I'm trying to get content of this page: http://www.nytimes.com/2014/01/26/us/politics/rand-pauls-mixed-inheritance.html?hp&_r=0
I tried file_get_contents
and curl
solution but all gives me a Login page of NYTimes and I have no idea why.

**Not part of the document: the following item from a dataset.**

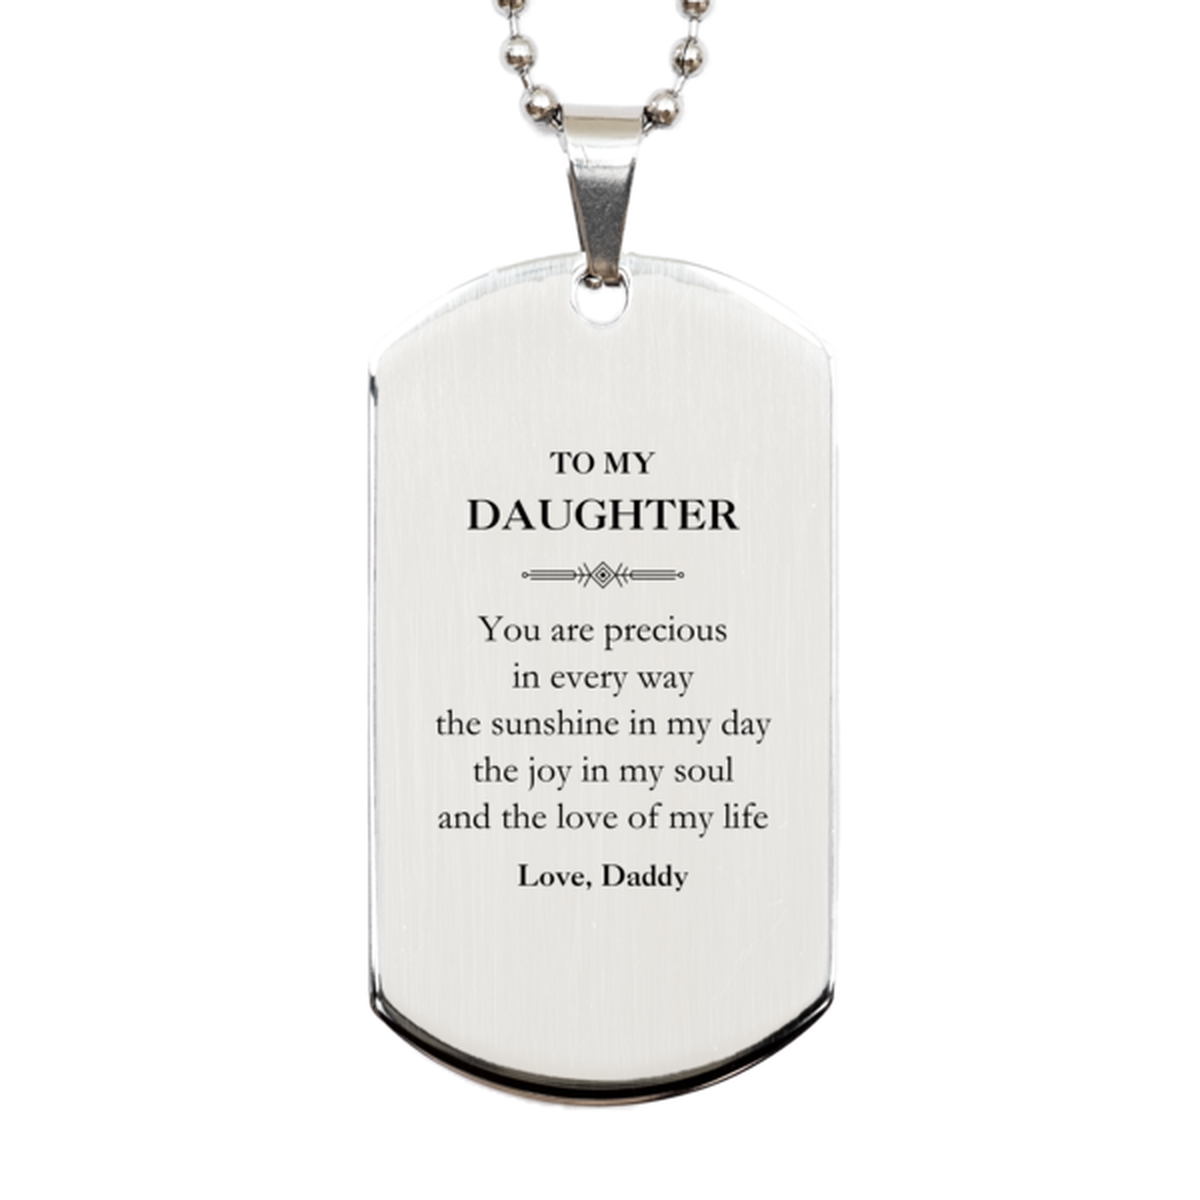 Graduation Gifts for Daughter Silver Dog Tag Present from Daddy, Christmas Daughter Birthday Gifts Daughter You are precious in every way the sunshine in my day. Love, Daddy

Tried these file_get_contents()/curl getting unexpected page, PHP file_get_contents() behaves differently to browser, file_get_content get the wrong web
Is there any solution? Thanks
EDIT:
//this is the curl code I use
$cookieJar = dirname(__FILE__) . '/cookie.txt';
curl_setopt($ch, CURLOPT_COOKIEJAR, $cookieJar);
curl_setopt($ch, CURLOPT_COOKIEFILE, $cookieJar);
curl_setopt($ch, CURLOPT_URL, $link);
curl_setopt($ch, CURLOPT_RETURNTRANSFER, 1);
curl_setopt($ch, CURLOPT_USERAGENT, 'Mozilla/5.0 (Windows; U; Windows NT 5.1; en-US; rv:1.9.2.12) Gecko/20101026 Firefox/3.6.12');
curl_setopt($ch, CURLOPT_CONNECTTIMEOUT, $timeout);
$data = curl_exec($ch);
curl_close($ch);
try to test it using saving cookies to same directory where the script resides first
so set the cookies path like that
$cookie = "cookie.txt";
this code works with me and i got the page
<?php
function curl_get_contents($url)
{
$ch = curl_init();
curl_setopt($ch, CURLOPT_URL, $url);
curl_setopt($ch, CURLOPT_RETURNTRANSFER, 1);
curl_setopt($ch, CURLOPT_COOKIEFILE, "cookie.txt");
curl_setopt($ch, CURLOPT_COOKIEJAR, "cookie.txt");
curl_setopt($ch, CURLOPT_FOLLOWLOCATION, 1);
$data = curl_exec($ch);
curl_close($ch);
return $data;
}
$get_page = curl_get_contents("http://www.nytimes.com/2014/01/26/us/politics/rand-pauls-mixed-inheritance.html?hp&_r=1");
echo $get_page;
?>
I think you need cURL to allow cookies to be saved. Try adding these lines to the cURL setup. For me this worked:
$cookie = dirname(__FILE__) . "\cookie.txt";
curl_setopt($ch, CURLOPT_COOKIEJAR, $cookie);
curl_setopt($ch, CURLOPT_COOKIEFILE, $cookie);
Use Live HTTP Headers firefox plugin to check what is going on during page access. There can be redirections, cookie set etc. And then try to implement this behaviour with php curl (note: set user-agent as and other client headers the same as browser)